Run the same SELECT as above:

   ┌─tenant_id─┬─segment_id────┬─entity_id─┐
1. │         1 │ high_fit      │ lead_001  │
2. │         1 │ high_interest │ lead_001  │
3. │         1 │ high_interest │ lead_003  │
   └───────────┴───────────────┴───────────┘

Interpretation:

lead_001 is in high_fit
lead_001 is also in high_interest
lead_003 is in high_interest
lead_002 is in neither segment

Segment `high_fit`

Rules:

industry equals Marketing
company_size ≥ 50
job_title contains CEO
budget ≥ 10000

lead_001: all four pass → member.

lead_002: industry is Retail, not Marketing → not a member (fails immediately).

Same reasoning extends to the other leads.

Materialized view

Picture:

entities: millions of rows, dynamic JSON properties
criteria: hundreds of segments, each with multiple filters
You need fast answers to: “Which contacts belong to segment X?”

A plain query each time would scan entities, join criteria, and re-run comparisons - expensive at scale. A materialized view stores precomputed results on disk so reads avoid recomputing everything. Unlike a normal view (just a saved query), the MV persists rows.
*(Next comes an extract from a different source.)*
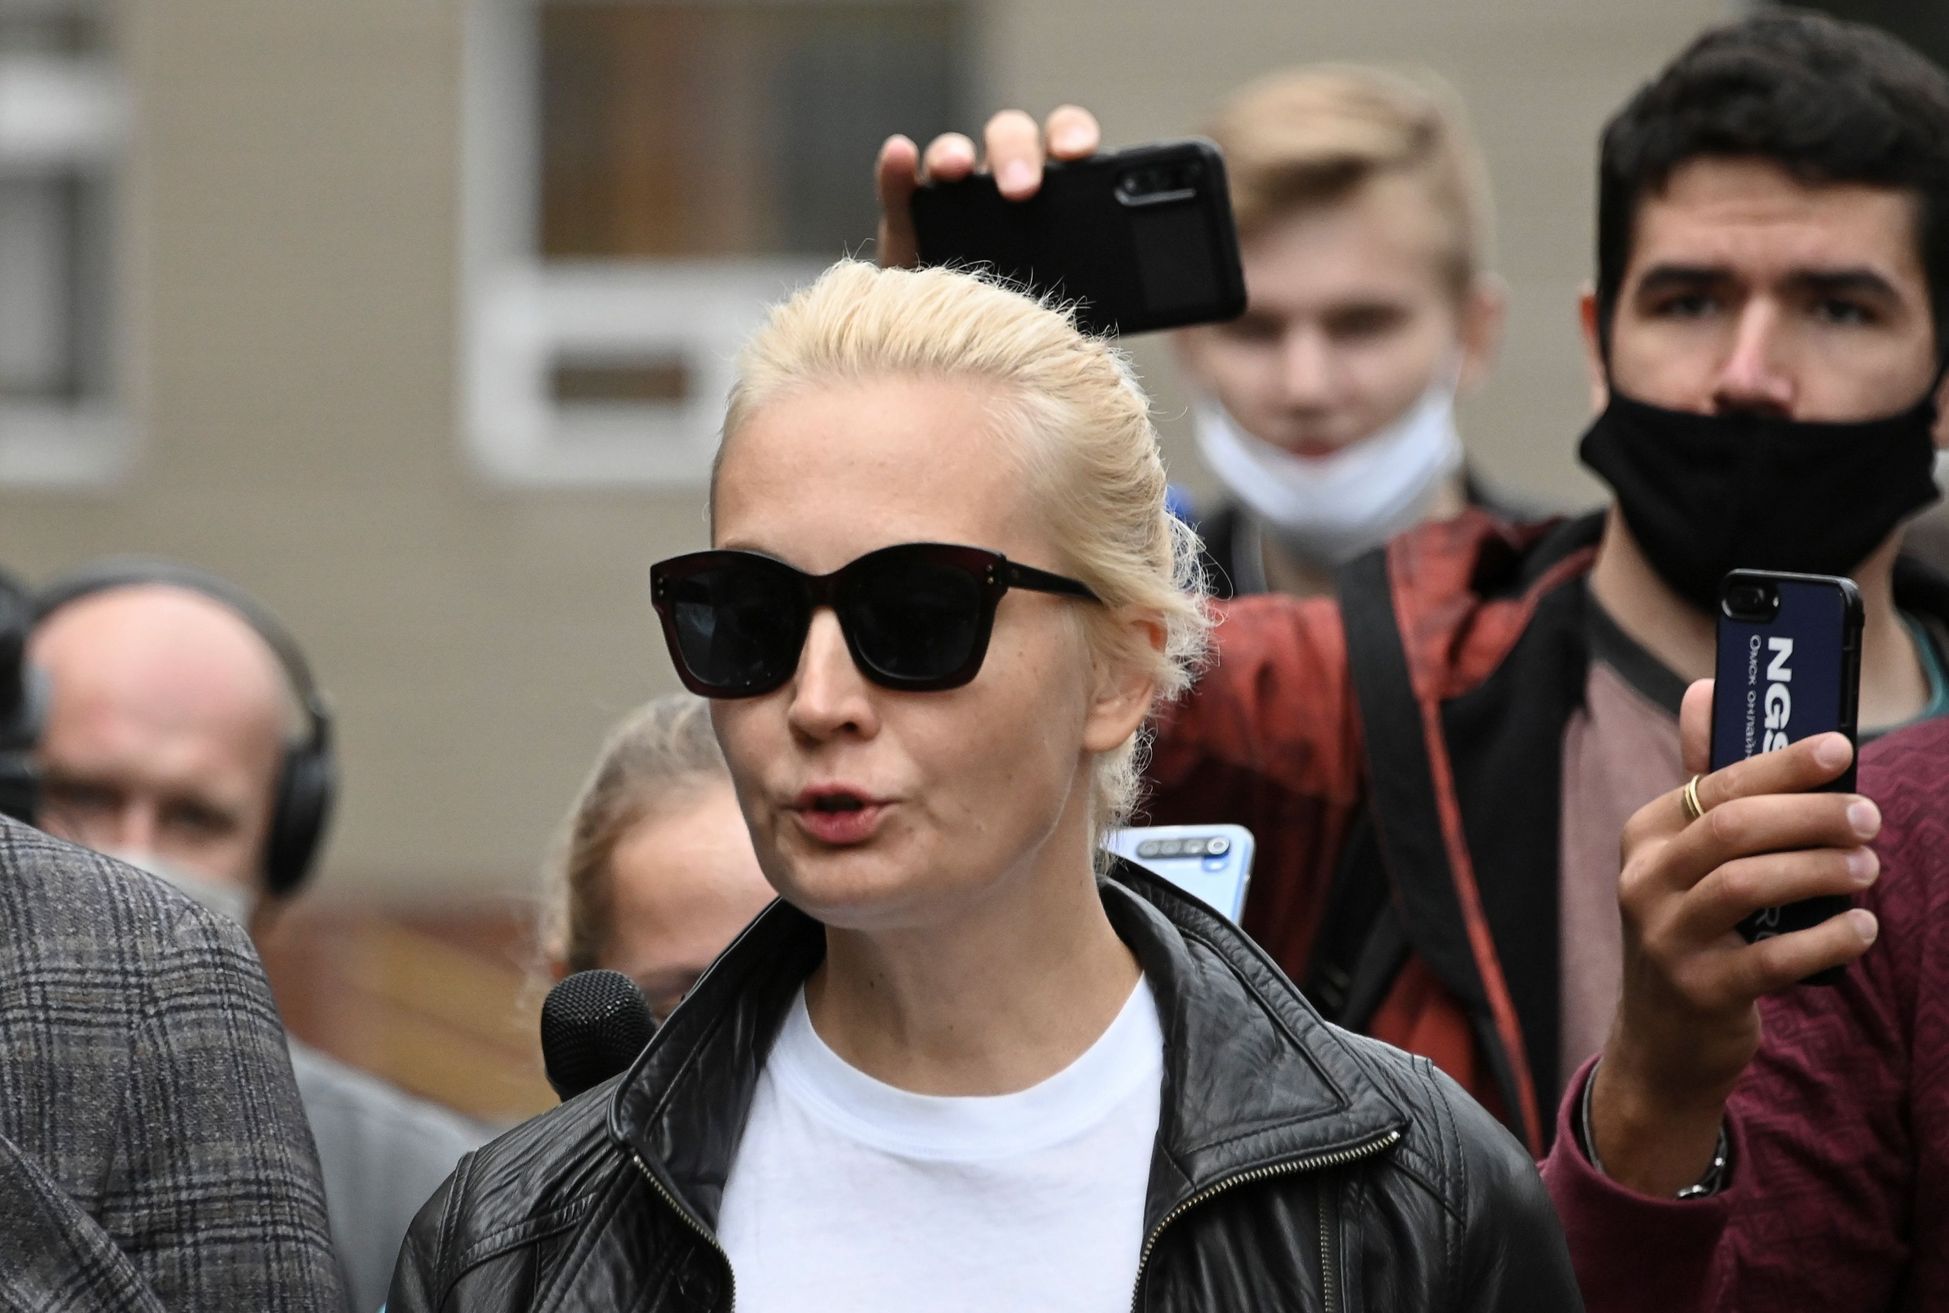 Navalného manželka Julija Navalná přijela ve čtvrtek večer do Omsku.

See ClickHouse’s docs on incremental materialized views.

ClickHouse docs diagram on incremental materialized views

We want segmentation results updated on write as new contacts land.
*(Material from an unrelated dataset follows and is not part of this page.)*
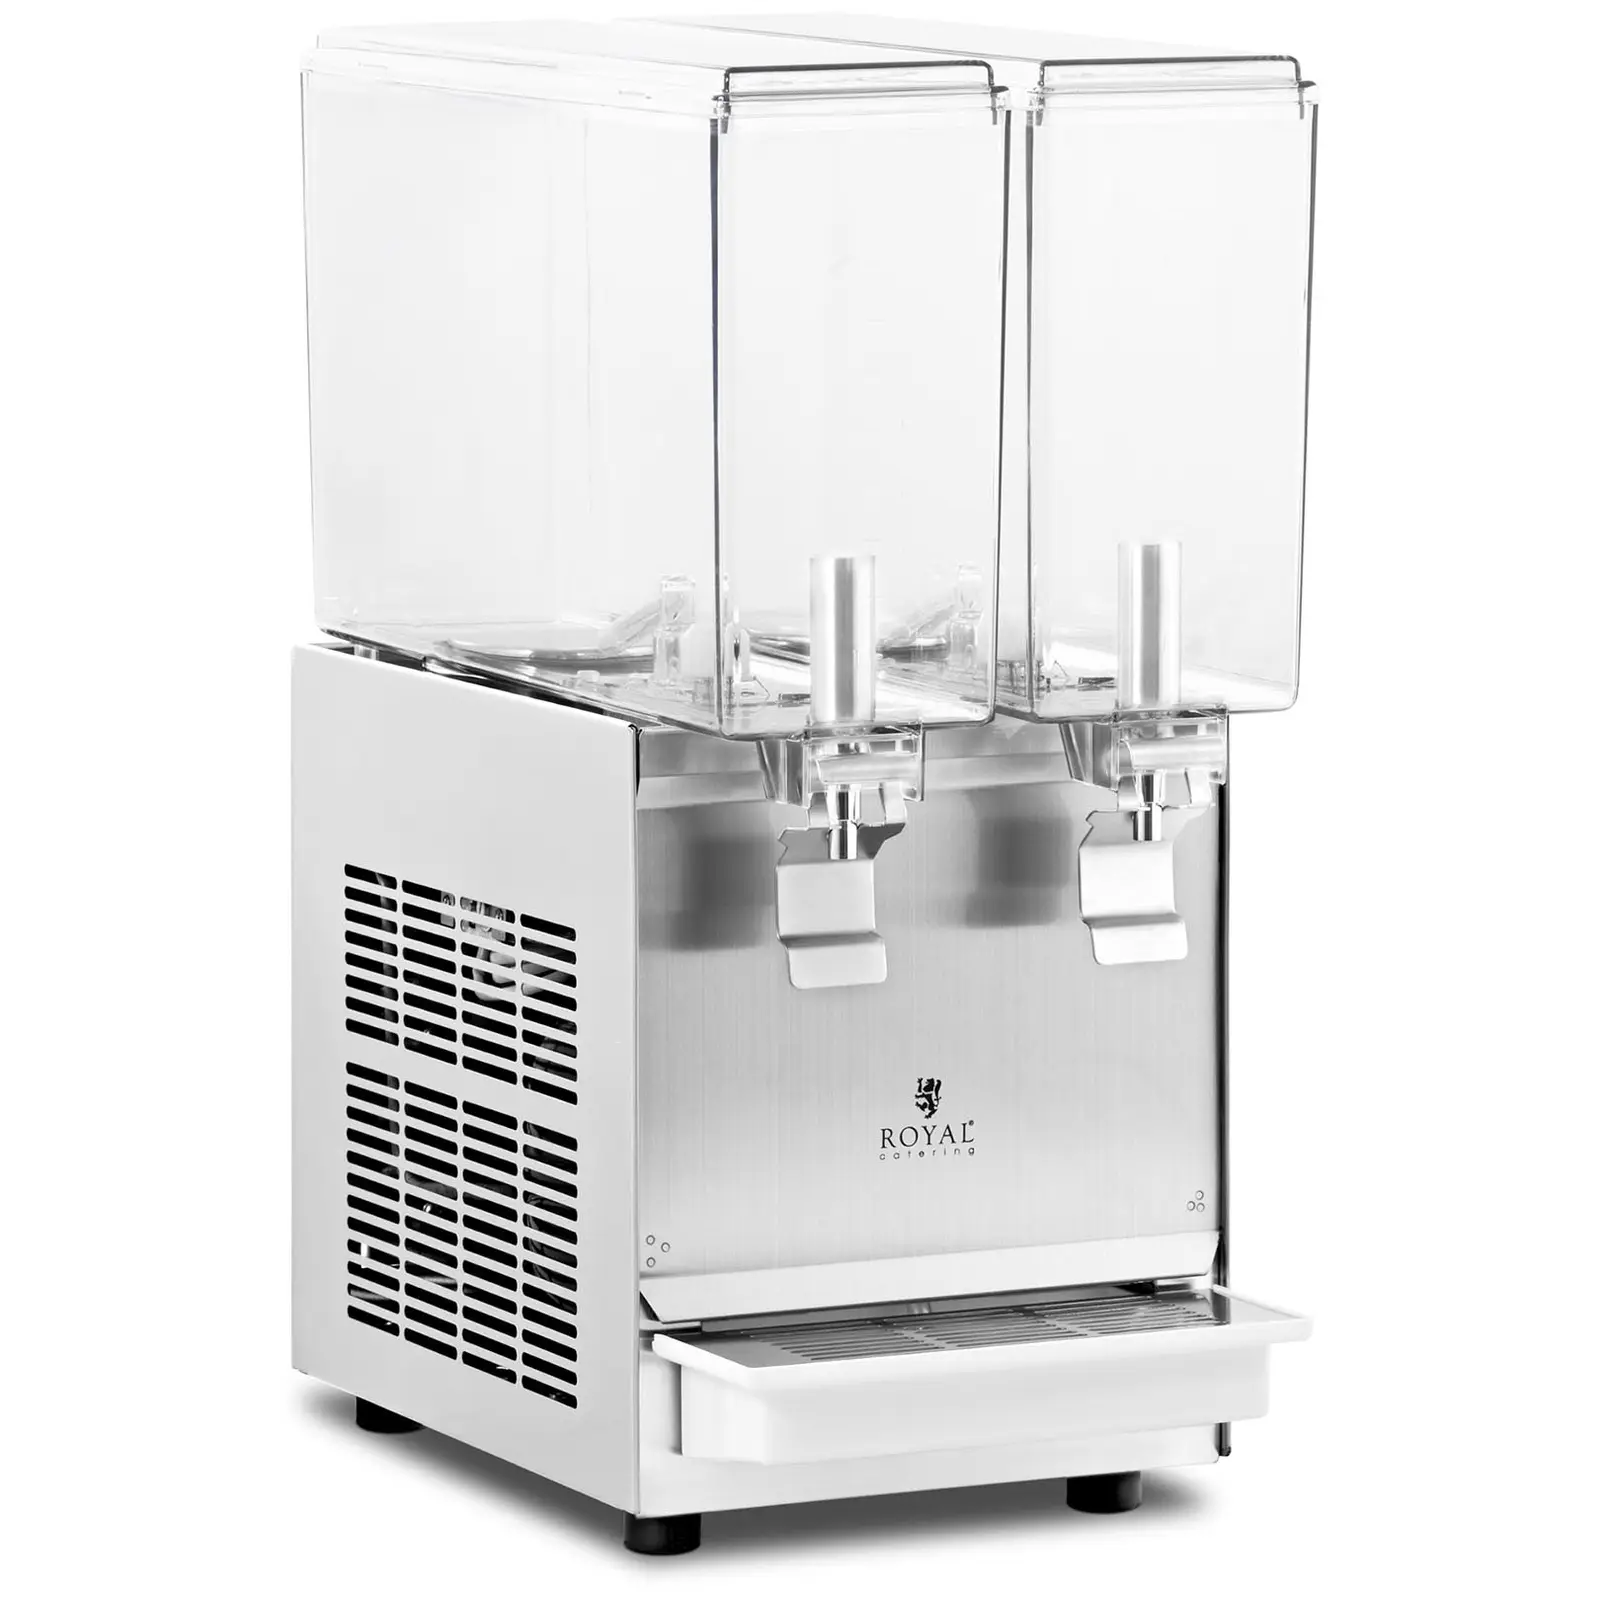 Dispensador de zumo - 2 x 10 L - Royal Catering - sistema de enfriamiento

The MV segment_membership_mv reads from entities and criteria and stores:

tenant_id
segment_id
filters (the segment’s criteria snapshot)
entity_id
properties

In the GitHub repo, the target table segment_membership is created before the MV - tune ENGINE and ORDER BY for your case.

CREATE MATERIALIZED VIEW segment_membership_mv
TO segment_membership
AS SELECT
    e.tenant_id,
    c.segment_id,
    c.filters,
    e.entity_id,
    e.properties
FROM entities AS e
INNER JOIN criteria AS c ON e.tenant_id = c.tenant_id
WHERE arrayAll(
    filter -> filterMatches(
      filter.data_type,
      JSONExtractString(e.properties::String, filter.property_path),
      filter.operator,
      filter.value) = 1,
    c.filters
);

Same WHERE as the ad-hoc query. On each insert into entities, matching rows are appended to segment_membership without reprocessing the whole table.

Example

Premium users in São Paulo:

INSERT INTO criteria (tenant_id, segment_id, filters) VALUES
(1,'premium_sp',
    [
      ('is_premium', 'eq', 'true', 'boolean'),
      ('city', 'eq', 'São Paulo', 'string')
    ]
);

INSERT INTO entities (tenant_id, entity_id, properties, event_time) VALUES
(1, 'user1', '{"is_premium": true, "city": "São Paulo"}', now()),
(1, 'user2', '{"is_premium": false, "city": "Rio de Janeiro"}', now());

SELECT * FROM segment_membership;

   ┌─tenant_id─┬─segment_id─┬─filters───────────────────────────────────────────────────────────────────┬─entity_id─┬─properties─────────────────────────────┐
1. │         1 │ premium_sp │ [('is_premium','eq','true','boolean'),('city','eq','São Paulo','string')] │ user1     │ {"city":"São Paulo","is_premium":true} │
   └───────────┴────────────┴───────────────────────────────────────────────────────────────────────────┴───────────┴────────────────────────────────────────┘

user1 matched premium_sp at insert time.

Conclusion

We walked through testing ClickHouse functions with a segmentation-style example: UDFs for comparisons, a criteria model with tuple arrays, queries using arrayAll and JSONExtractString, and a materialized view to persist memberships. Everything here is educational - production systems need hardening and optimization.

As I keep learning, the GitHub repository may diverge from this post; I’ll refine the setup and experiment with new ideas. Contributions and feedback are welcome.